Denzil Lush, the now retired senior judge at the Court of Protection, has published a book on Lasting and Enduring Powers of Attorney. The publication has hit the headlines due to the grave concerns the ex-judge has expressed about Lasting Powers of Attorney and the significant potential for financial abuse of vulnerable people.
I had the privilege on several occasions of hearing Mr Lush speak at events before he retired and indeed once appeared before him in court many moons ago as an articled clerk, at a hearing at the Court of Protection. I found him on all of those occasions to be very clear and measured in his thinking, so I have no reason to believe that he is being alarmist in his new book.
According to press reports, Mr Lush suggests that the Ministry of Justice is being “disingenuous” in actively (some would say aggressively) promoting the Lasting Power of Attorney as the best way to deal with the administration of the financial affairs of a person lacking mental capacity and that such documents can be prepared online without the need for any legal advice. Mr Lush states that allowing the process of Deputyship, with the additional level of supervision by the Office of the Public Guardian (OPG) that it brings, would be safer and more appropriate in some cases.
It cannot be denied that there have been some very unfortunate cases where financial abuse has occurred and vulnerable people have lost significant sums of money. We encourage all clients to make lasting powers of attorney (for finance and for health matters), regardless of their age or state of health. None of us know when mental incapacity may happen to us. It may be as a result of an accident or sudden illness and not only as a result of the illnesses more common in old age. And in advising on LPA’s, (with apologies to Mr Lush) I would probably suggest to my clients that a valid LPA would be a preferable alternative to a Deputyship supervised by the OPG, given that the latter is often a more expensive and cumbersome process.
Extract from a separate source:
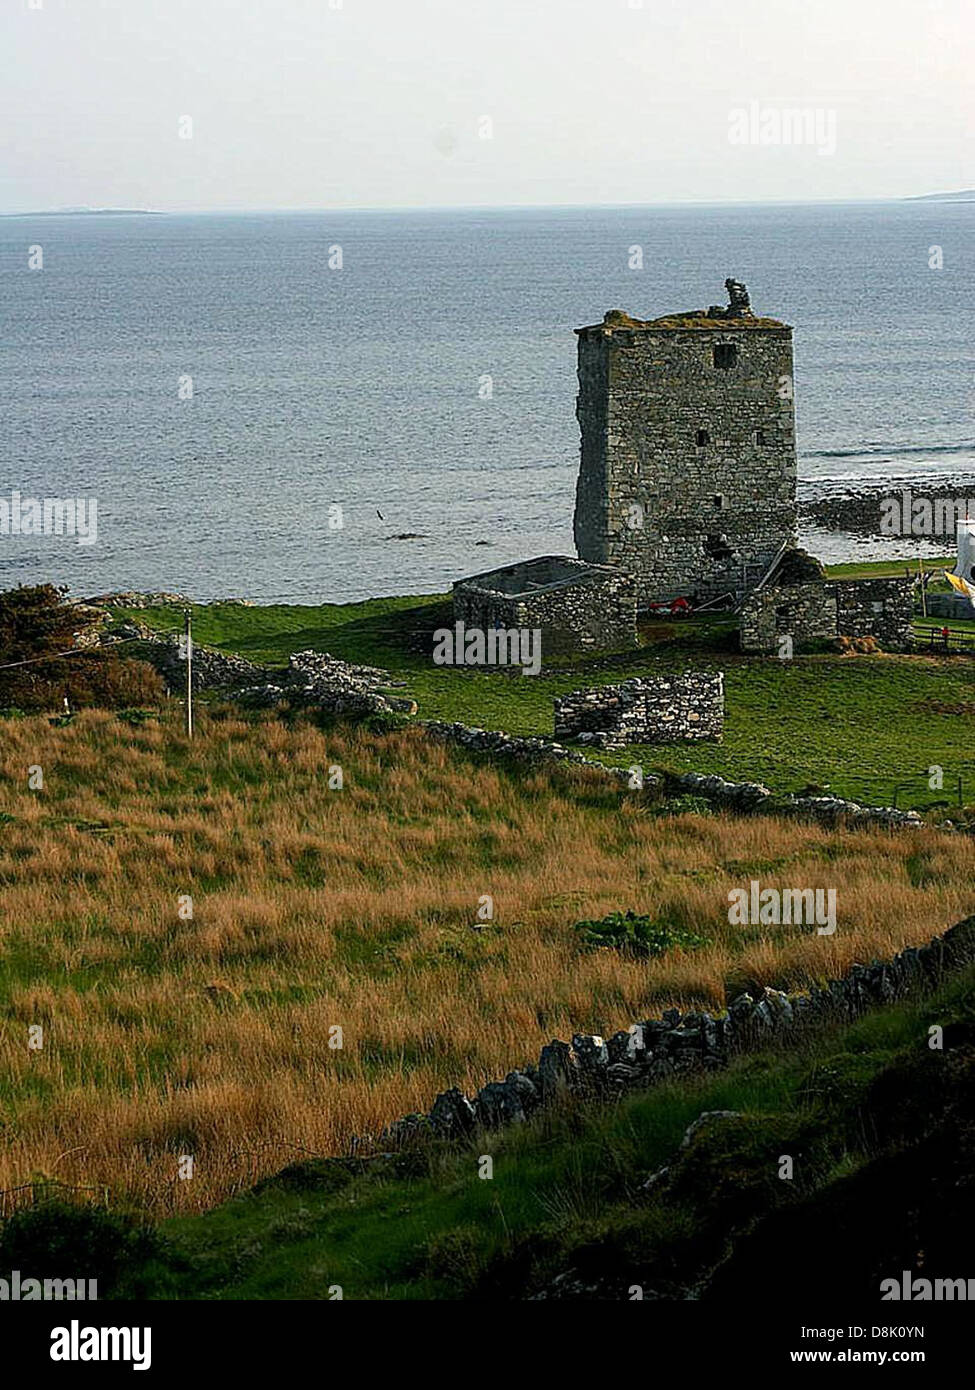 Renvyle castle in county galway ireland near tully cross. Stock Photo

However, a Lasting Power of Attorney should not be a document that is casually completed online much as one might complete a grocery order. (The same can be said about wills, but I’ll get started on that one another day!). By completing a finance LPA you are giving someone full rein to step into your shoes and do everything with your money and property that you could do yourself.
When, as solicitors, we are instructed to prepare a Lasting Power of Attorney for a client, we fully explain the form and effect of the document and just what it can and cannot do. The most important decision is who you appoint as your attorneys and we, as lawyers, are trained to ring the alarm bells if something doesn’t seem right. For example, if a person instructed me to appoint a neighbour who had recently moved in as an attorney, rather than their children, the alarm bells would be ringing loudly. In such cases, I would want to raise, explore and resolve those concerns before the document was signed.
On many occasions, clients have raised a question along the lines of, “what if my attorneys sell my house and run off with the money?” My response is always exactly the same, which is, “if you think for one nanosecond that this could possibly happen, you are picking the wrong people”.
Whilst I suspect that many of my professional colleagues will be surprised at Mr Lush’s comments, I think he has a valid point and identified some suggestions for improvement which should be properly considered. An LPA casually prepared without proper advice and put in the wrong hands is potentially catastrophic. Our lawyers really know what they are doing with LPAs and getting proper and complete legal advice from those who know where the pitfalls may be, but also those occasions where a Deputyship may indeed be more appropriate, is surely a far better way to go.